# Year two Pics added    My twin grand-daughters picking flowers



## Milkman (Mar 7, 2018)

My little angels Aubrey and Ava took advantage of the warm weather last weekend.  They put on their little farm girl outfits and went out for a while. 
 This image was taken by by my daughter in law at an old house-place on what was part of our family farm in the early 1900's.  The jonquils grow there by the thousands every spring. 

The girls liked playing where their great grandfather played as a child.
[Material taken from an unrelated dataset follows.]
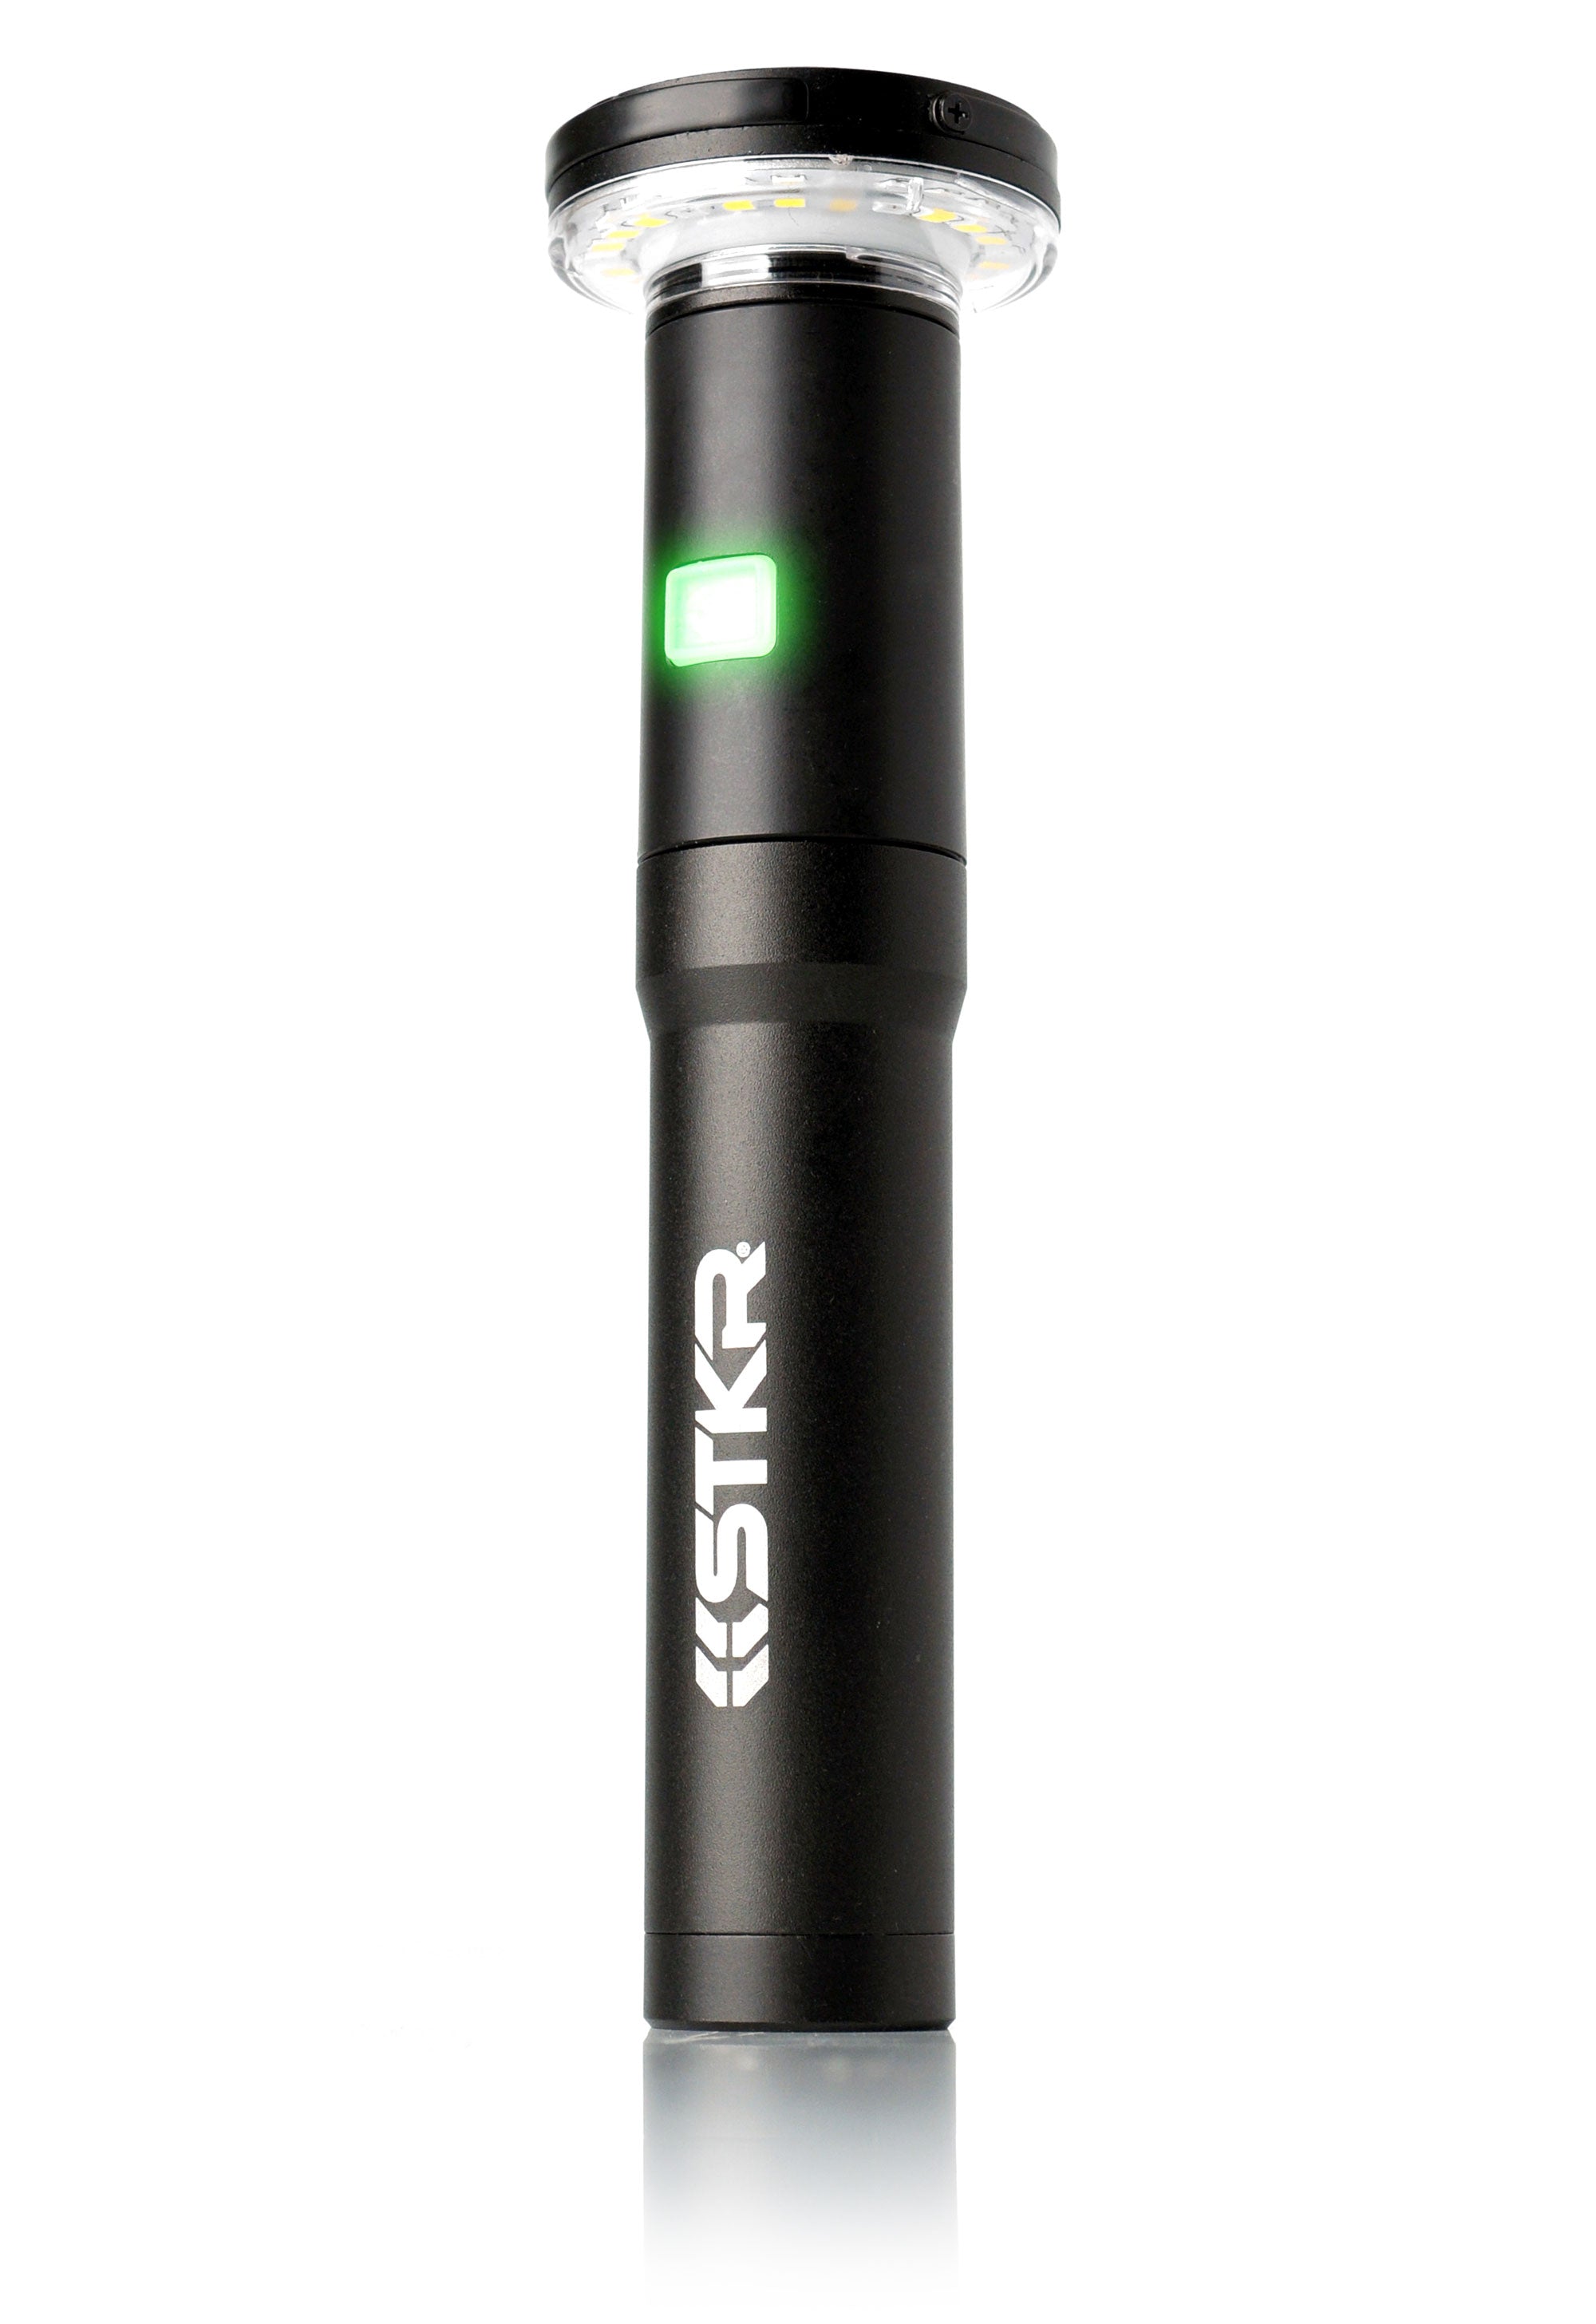 Indicateur au niveau de la batterie | Fli-Pro télescoping Light par STKR Concepts

They are just shy of a year old.

Pic at top is 2019. Lower is 2018


----------



## wvdawg (Mar 7, 2018)

You just made my day!  Beautiful little ladies and an awesome memory!  Thanks for sharing your joy!


----------



## NE GA Pappy (Mar 7, 2018)

great picture, and beautiful children

Cherish those times together


----------



## JustUs4All (Mar 7, 2018)

Just beautiful, girls and sentiment.


----------



## Hoss (Mar 7, 2018)

Now that is a shot that belongs in a frame.  

Hoss


----------



## Big7 (Mar 7, 2018)

^^^^^^^^^^

For sure!


----------



## Milkman (Mar 7, 2018)

Thanks for the kind words guys.


----------



## Grub Master (Mar 7, 2018)

Awesome


----------



## Cmp1 (Mar 7, 2018)

Hoss said:


> Now that is a shot that belongs in a frame.
> 
> Hoss



X2,,,, great shot,,,, picture frame material right here,,,,


----------



## Cmp1 (Mar 7, 2018)

NE GA Pappy said:


> great picture, and beautiful children
> 
> Cherish those times together



This right here too,,,,


----------



## antharper (Mar 7, 2018)

Looks like double trouble to me , what a beautiful photo, congrats on 2 cute little girls !


----------



## bany (Mar 8, 2018)

That’s awesome! Does the heart good being wrapped around those little pinkies!


----------



## Duff (Mar 8, 2018)

Lil’ angels, I would say!!

Made me smile MM!

Thanks!


----------



## ucfireman (Mar 17, 2018)

Doesn't get any better!


----------



## kawigirl (Mar 22, 2018)

Sweet baby girls.


----------



## 27metalman (Mar 25, 2018)

Good picture and a good story.


----------



## Michael F Sights (Mar 25, 2018)

Sweet little nuggets!


----------



## Triple C (Apr 1, 2018)

Mercy me Milkman.  That's as good as it gets right there!


----------



## dfhooked (Apr 1, 2018)

That’s a great photo. As a Dad of twin girls now 4 I can imagine your happiness, especially as their grand father.


----------



## Milkman (Apr 6, 2018)

Thanks again for the recent comments. They are just over a year old now. A child is God’s most precious gift. Twins are more than doubly so somehow.


----------



## cramer (Apr 14, 2018)

Great picture Milkman!
You are truly blessed !

Thanks for sharing.
We just got a chance to sit down for a minute after having our 3 year old and one year old granddaughters since yesterday afternoon.
Our 6 year old great niece just left, we are worn out and then your picture makes me miss them all over again.


----------



## Tomboy Boots (Apr 17, 2018)

cramer said:


> Great picture Milkman!
> You are truly blessed !
> 
> Thanks for sharing.
> ...



What he said! They are definitely a blessing and melt your heart... they will wear you out and leave you coming back for more  A gift from God no doubt.


----------



## blood on the ground (Apr 17, 2018)

Congratulations on 2x the fun!


----------



## Deer Fanatic (Apr 18, 2018)

Beautiful!!!!


----------



## Milkman (Aug 3, 2018)

Another couple of pics of my angels. 16 months old now


----------



## wvdawg (Aug 3, 2018)

Keep taking lots of pictures!  They will be off and married before you know it!
More great shots of these little cuties!


----------



## Milkman (Mar 24, 2019)

The girls along with Mama and Daddy went back again this spring for more flowers. They will be Two years old this week.


----------



## 4HAND (Mar 24, 2019)

Y'all are doubly blessed! 
Awesome pics.


----------